Even more confounding is that almost no one in the mainstream medical community can explain what’s happening to them. Although many scientists have spent their careers examining the physics of lightning, only a handful of doctors and researchers have devoted themselves to the study of how lightning damages the human body. The incident rates are simply not high enough to warrant an entire subfield of science. Nearly everything we now know about treating lightning victims concerns the immediate wounds, many of which don’t even require special medical knowledge.
Paramedics, often needing to treat victims who aren’t entirely sure what has happened to them, receive brief training on how to recognize the common signs of a lightning strike. True entry and exit wounds are uncommon, but lightning typically leaves some kind of mark on the skin. One afternoon in 2009, a hiker named Becky Garriss awoke on the Appalachian Trail in Vermont, sitting on a bed of pine needles, her back against a tree, as though she’d fallen asleep in its shade. Her right arm was paralyzed, pinned against her chest in a pledge of allegiance. Here and there, her pants were charred. Although she was disoriented and scared, she managed to hike more than ten muddy miles down Glastenbury Mountain to call for help. When she got to a hospital, doctors recognized lightning’s smoldering touch on Garriss’s right arm and leg. A bolt probably hit her directly, they told her.
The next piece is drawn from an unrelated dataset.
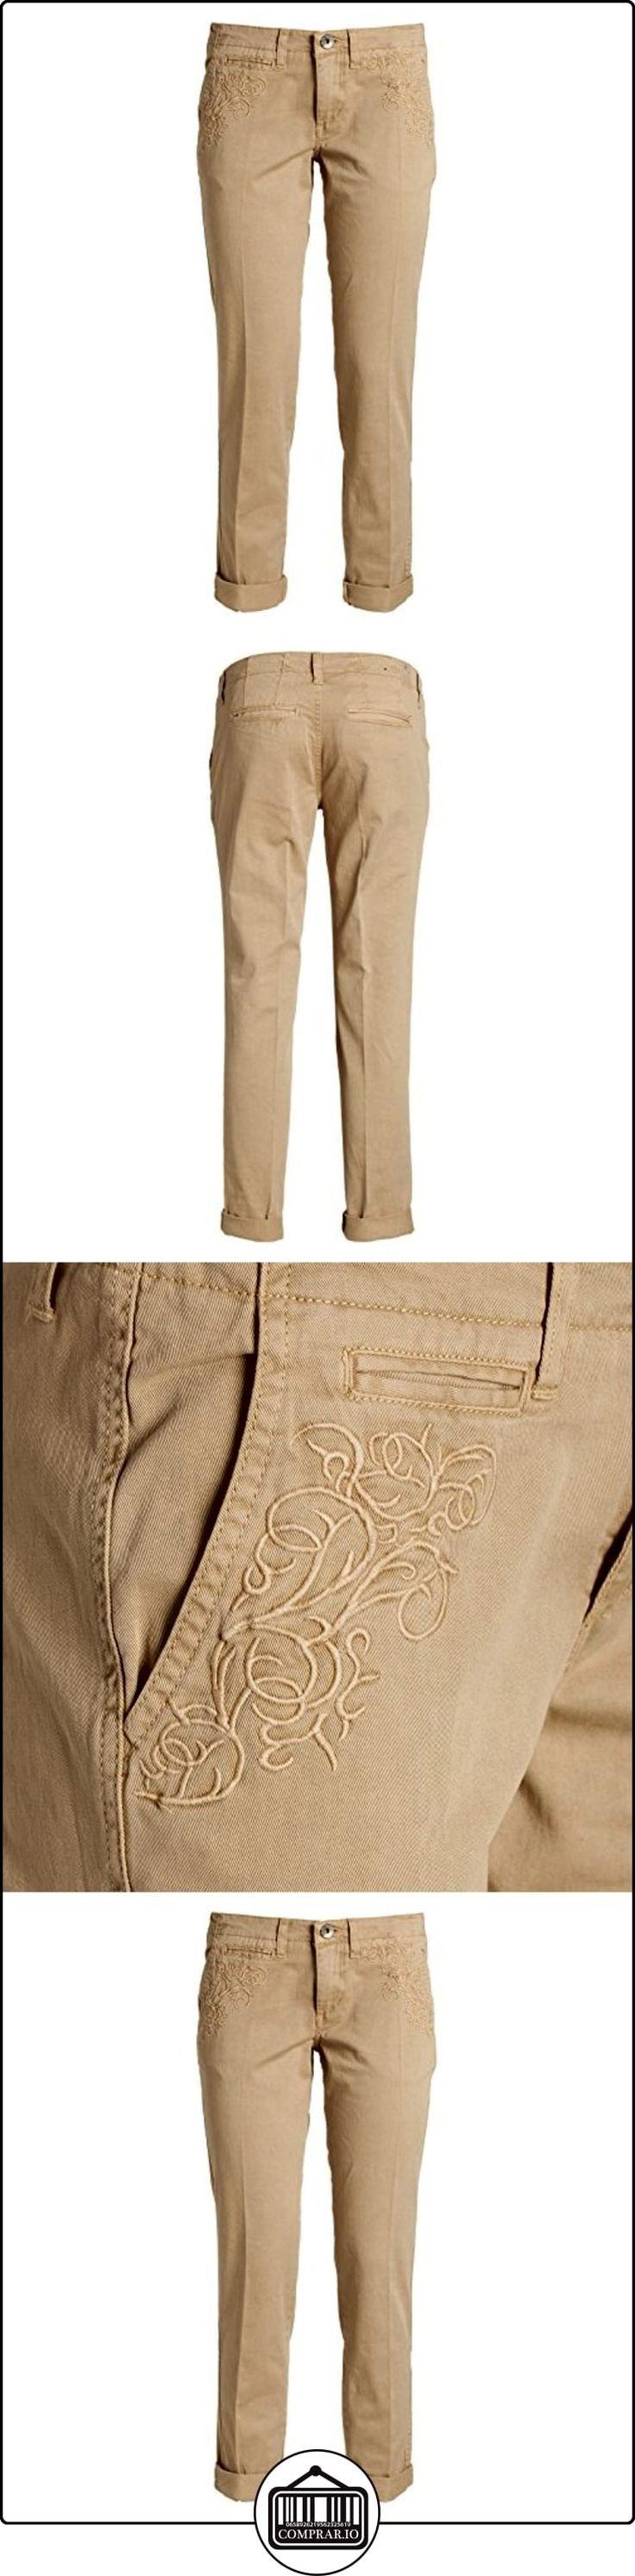 Guess Berta Chino, Pantalones para Mujer, Beige, W25  ✿ Vaqueros ✿

Other survivors awaken into temporary blindness or deafness; sometimes the concussive force of the strike—or the electricity itself—ruptures eardrums. Some victims report the taste of metal on their tongues. Now and then, survivors develop strangely beautiful pink and brown bruises known as Lichtenburg figures, which look like intricate henna tattoos of branching fronds. These bruises likely trace the path of electricity that forced blood cells out of capillaries into more superficial layers of skin.
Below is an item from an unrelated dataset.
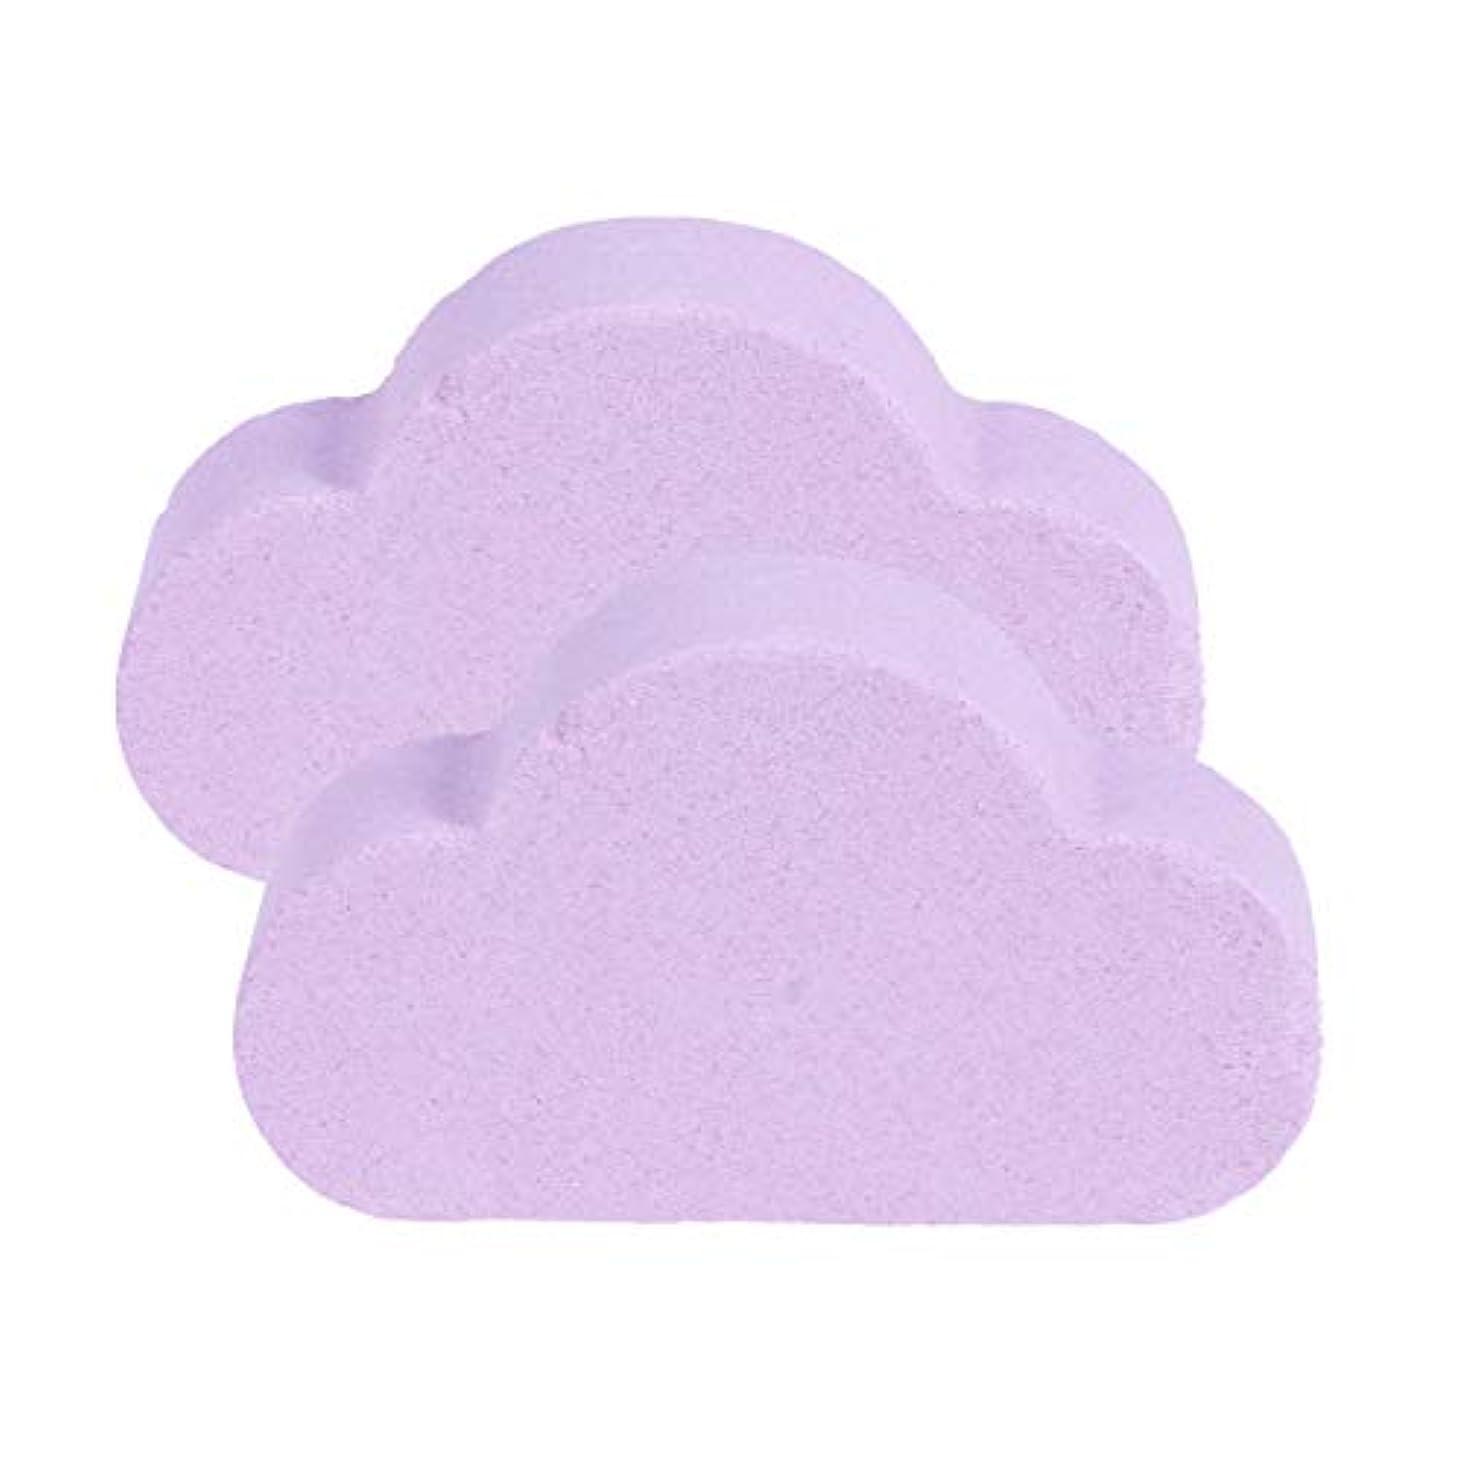 はちみつ舞い上がる民間SUPVOX 2ピース風呂爆弾エッセンシャルオイルクラウド形状塩バブル家庭用スキンケア風呂用品用バブルスパ風呂ギフト

In rare instances, the surge of electricity is enough to stop a victim’s heart and lungs. That’s what happened to Michael Utley. But cardiac arrest is something any paramedic knows how to handle. Twenty minutes after Utley was struck, EMTs had arrived on the scene, strapped him to a gurney, and loaded him into an ambulance. They used a defibrillator to keep his heart going. Doctors at Boston’s Brigham and Women’s Hospital then spent more than five weeks caring for Utley before they determined that he was ready for rehabilitation.
After leaving the hospital, Utley spent months relearning to swallow, move his fingers, and walk. Rehab was just the first chapter of his ordeal, however. In his previous life, Utley was a successful stockbroker who often went skiing and windsurfing. Today, at 62, he lives on disability insurance in Cape Cod. “I don’t work,” he says. “I can’t work. My memory’s fried, and I don’t have energy like I used to. I aged 30 years in a second. I walk and talk and play golf—but I still fall down. I’m in pain most of the time. I can’t walk 100 yards without stopping. I look like a drunk.”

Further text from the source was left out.